Los apellidos que sobreviven también traen música y resonancias que han sobrevivido a muchos
accidentes y centurias: hay familias que se apellidan Guapache, Guaiquirima, Guarique, Igualguana,
Characoto, Paravavire, Caicuto, Arainamo, Pericana, Guaregua. Prohibido olvidar que la
aproximación antropológica más cercana a la voz “arepa” proviene de por aquí, de este gentilicio y
de esta región.
En una asamblea entre comuneros (“Comuna Triunfadores Indígenas Cumanagoto”, ara que no
queden dudas) en Caigua, participaba Karina, mujer dulce que de entrada declaró su orgullo por su
origen, que por otra parte se le revelaba en los rasgos, en la textura cobriza de la piel. En algún
momento esa mujer se arrechó o la hicieron arrechar, y su exposición o intervención se convirtió en
un despertar de una rabia de siglos. Los gestos se tornaron abruptos, el verbo endurecido, las
facciones le afianzaron las huellas de un dolor milenario. Había algo en ese mover las manos y en la
expresión que no guardaba relación con casi ningún lenguaje corporal de otro lugar de Venezuela.

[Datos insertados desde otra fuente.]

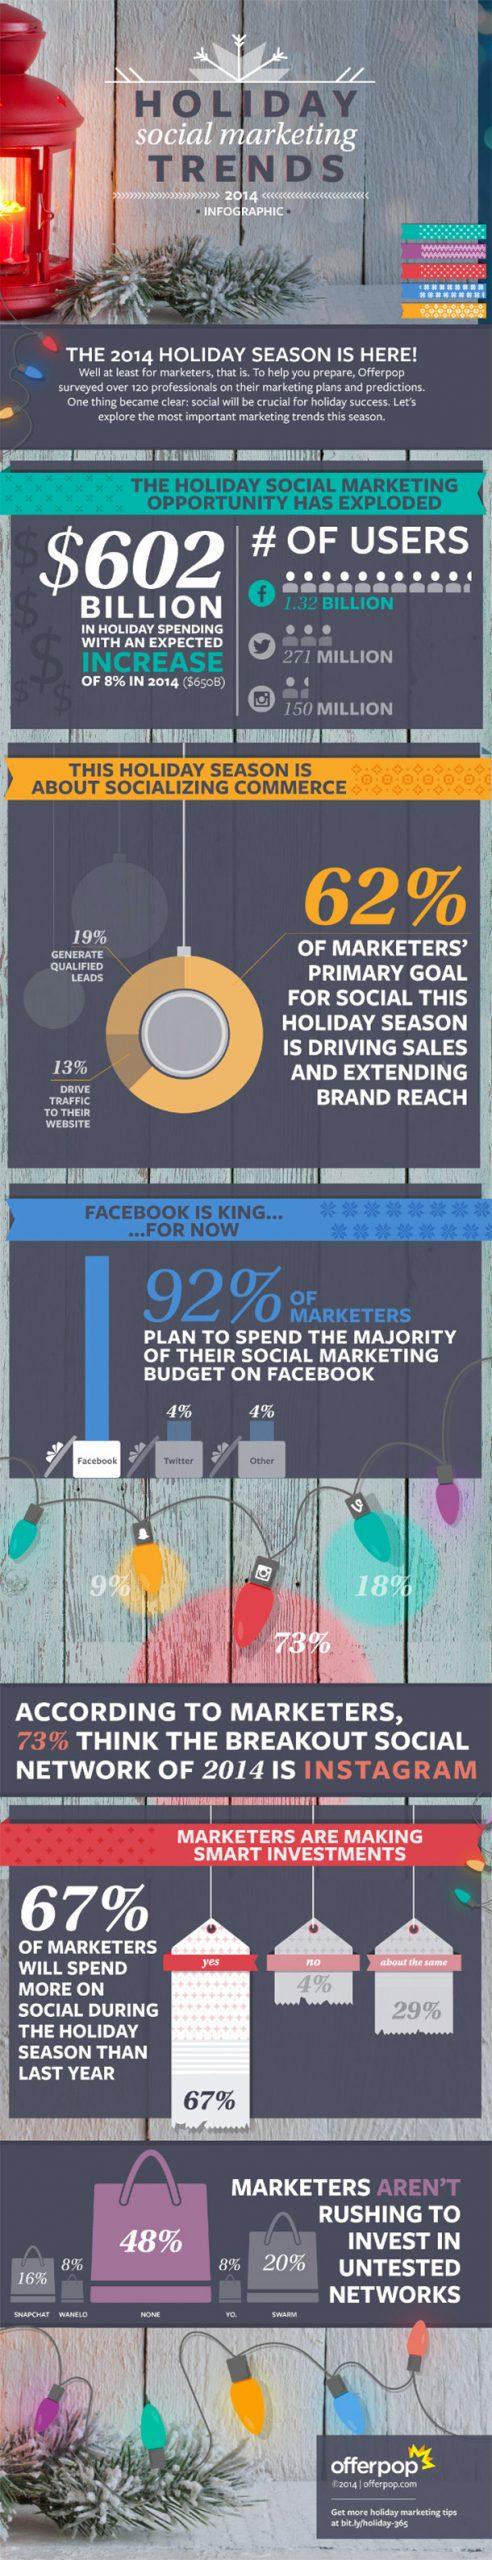 strategie social media sarbatori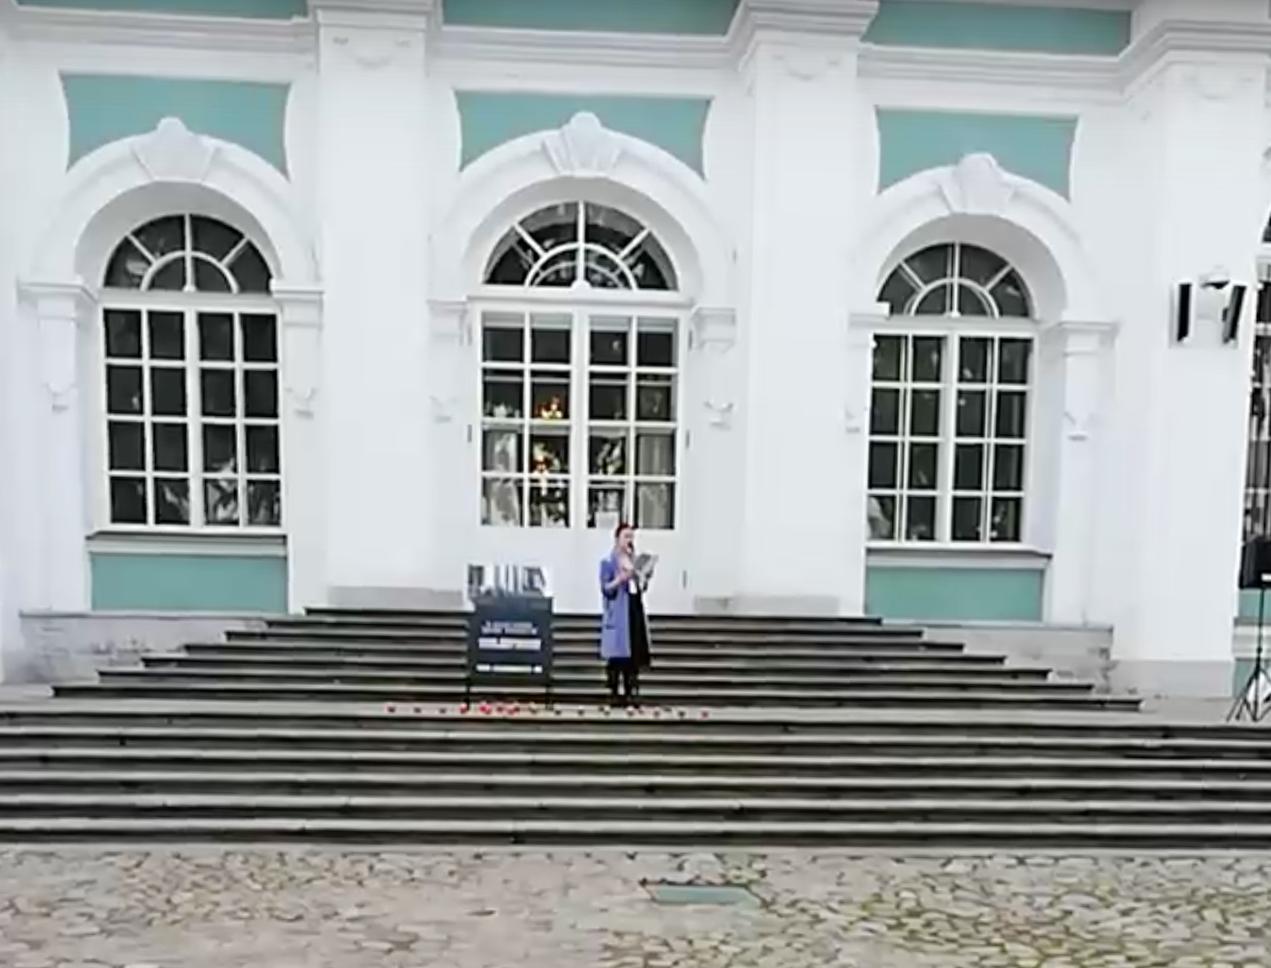 «Нужно помнить об этой страшной трагедии — и напоминать другим»: участники «Дня памяти блокады» — о чтении списков погибших в осажденном Ленинграде

Los citadinos que estábamos allí estuvimos de acuerdo en que esa forma de moverse y de palabrear
(por cierto, Karina nunca perdió la coherencia ni el buen verbo, ni la clarísima reflexión política)
recordaba al momento en que los espiritistas, cultores de María Lionza, la “materia”, entran en
trance y reciben el ánima de Cuaicaipuro.
Así se mueve Guaicaipuro (o la ancestralidad) en el cuerpo de sus receptores. Y sigue siendo un
privilegio asistir a estas manifestaciones de lo más profundo de lo que fueron los habitantes de esta
tierra. Empujados ahora sus descendientes a construir la ciudad del futuro, el impuslo predominante
es el volver al pasado a buscar datos de la otra cultura.